Building a Foundation for Success

California redwoods are enormous, majestic trees that can grow taller than a 30-story building. A full-grown California redwood is estimated to weigh greater than one million pounds. The massive redwoods can be so wide that in some places tunnel-like roads have been built through their tree trunks.

A mature California redwood tree is virtually indestructible. It has no known diseases, and insects pose no threat to its health. The thick bark of the redwood even makes it resistant to most fires. Fierce winds are perhaps the tree’s greatest hazard. That’s because, even for trees towering 350 feet, the redwoods’ roots only grow about six feet deep. Erosion or wet soil can weaken the roots to the point where a giant redwood can be brought crashing down by blustery winds.
For a California redwood, a strong root system supplies nourishment to the tree and anchors it to the earth. Character serves the same function for a leader. The strength of a person’s character below the surface sustains his or her success in leadership. Stalwart character gives a leader a base of support from which to withstand the tumults of life.
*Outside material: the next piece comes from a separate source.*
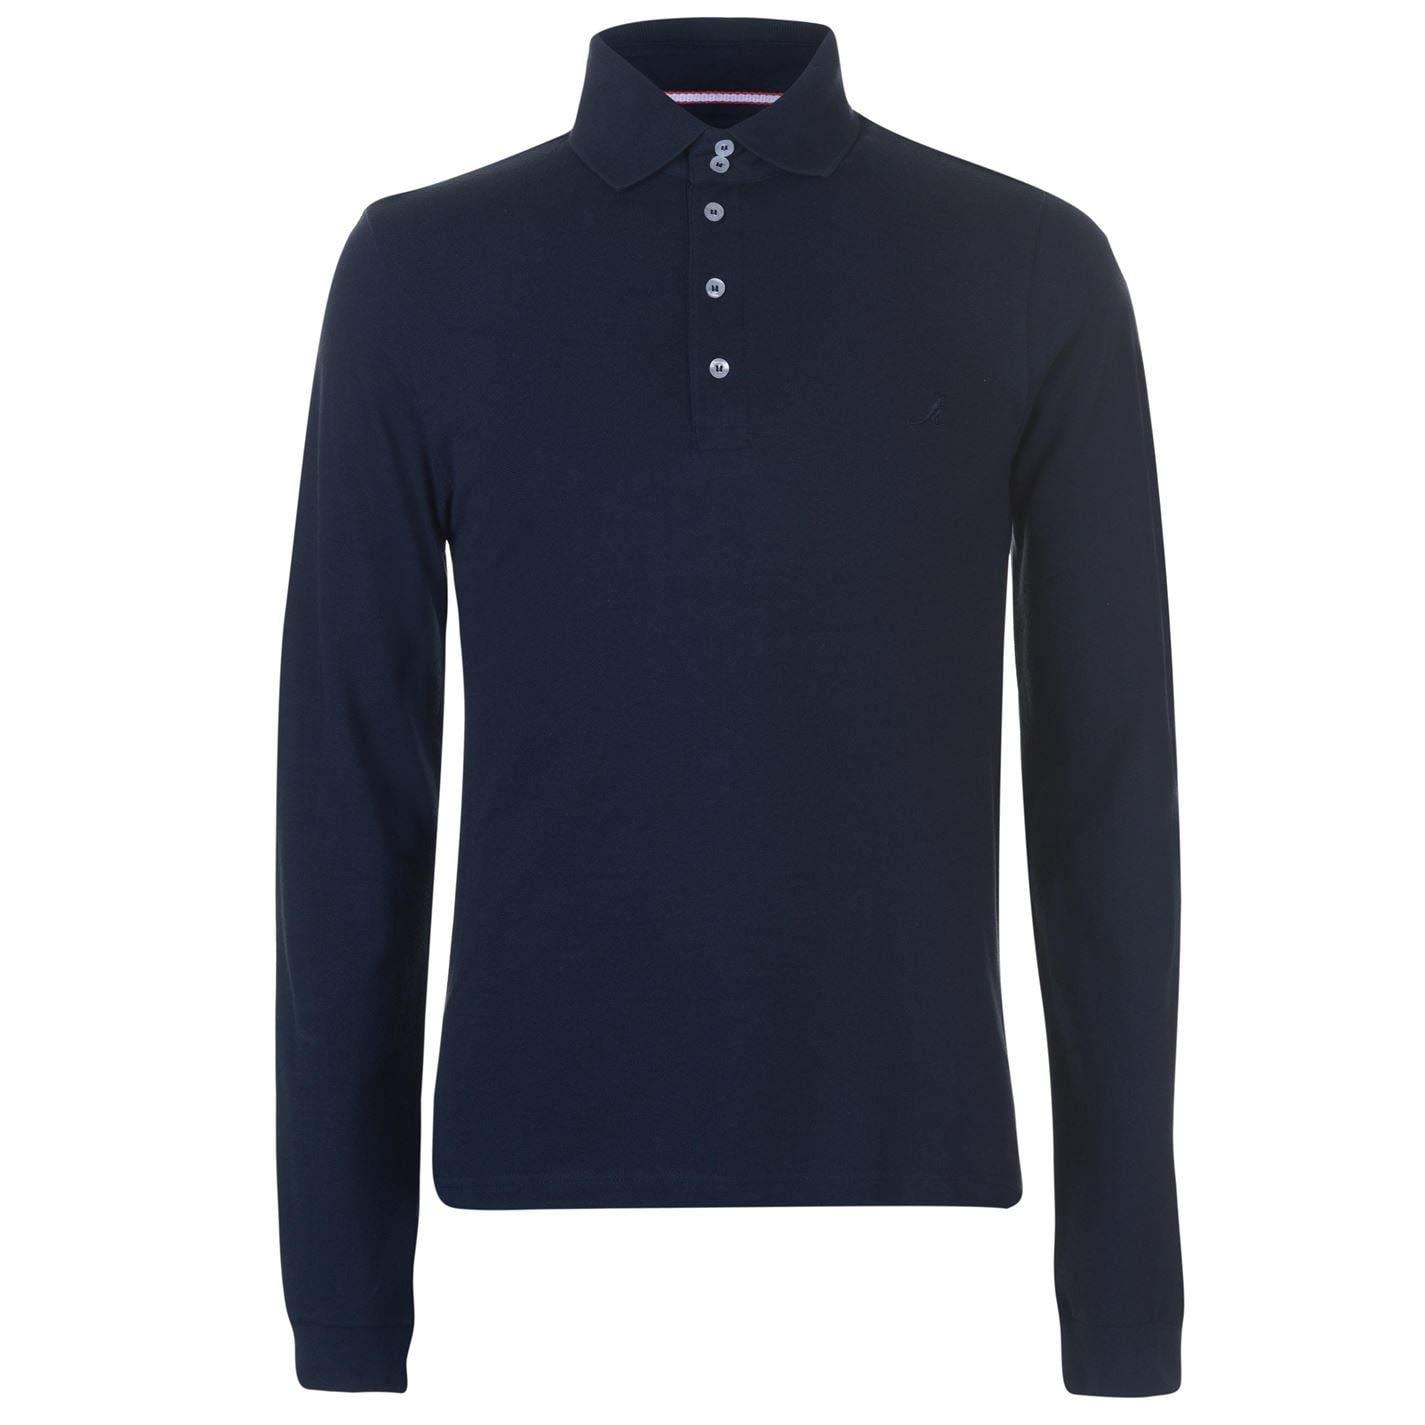 Kangol Hombre Multi Panel Camiseta Polo Azul Marino M: Amazon.es ...
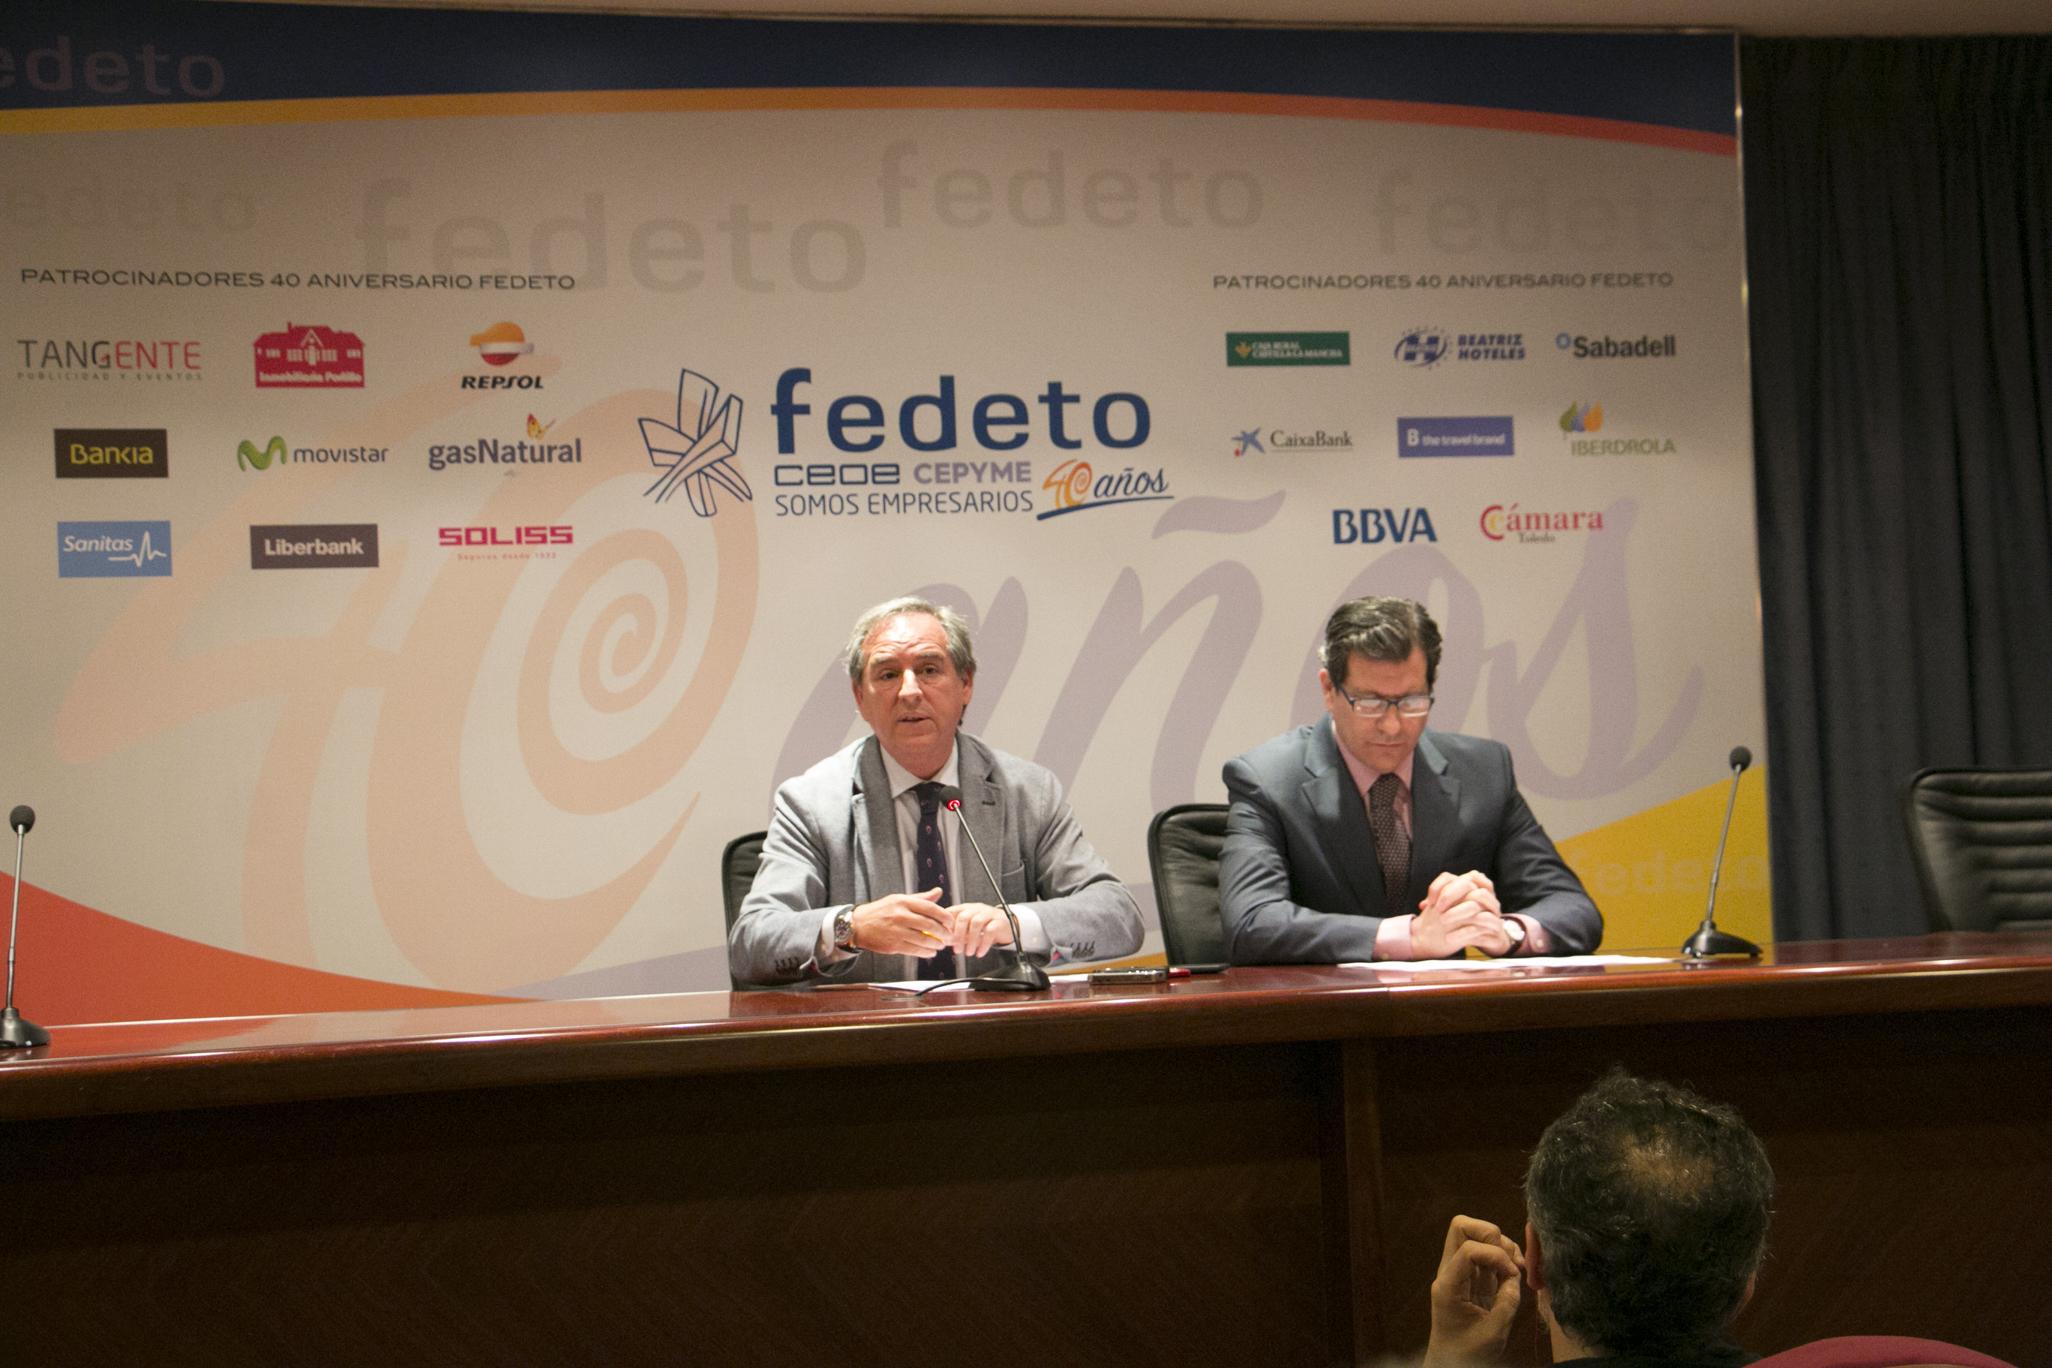 Presentación de los actos del 40 aniversario de Fedeto

How, as a leader, do you develop your “roots?”

The first requirement is to shift your attention. As my friend Andy Stanley says, it is a mistake to focus on what you want to do before you’ve decided who you want to be. As leaders, we can be in such a hurry to build our careers that we neglect to lay a solid foundation of integrity in our lives.

The second requirement is to identify specific character qualities that you would like to make a part of your character. Set aside time to ponder this question: when I’m gone, what do I want the people in my life to remember about me? Think about each of the meaningful relationships in your life and write out the response.
• How do you hope your co-workers will think about you after you’ve transitioned to another job or into retirement?
• What would you like your spouse to say at your funeral?
• What legacy do you want to leave your children?
• How would you want your church or community to describe your involvement in it?

Look for patterns in your answers. Words like generous, caring, or courageous may appear. These are the character traits you should hone in on developing.

The third and final requirement is to make the cultivation of character part of your regular routine. At the beginning of each week, strategize concrete ways in which you can demonstrate the character qualities you aspire to attain. If you want to be generous, then what can you give this week? If you would like to be caring, then who can you show regard for over the upcoming week? List out the specific actions you can take to build up your character. Review them during the week, and then evaluate how successful you were at accomplishing them at the week’s end.

If you diligently mold your character within, then over time it won’t matter what you do. Once you’ve grown your roots deep enough, whatever happens to you and whatever you choose to do, you’ll be in demand. With the roots of character to sustain you, you’ll experience true success.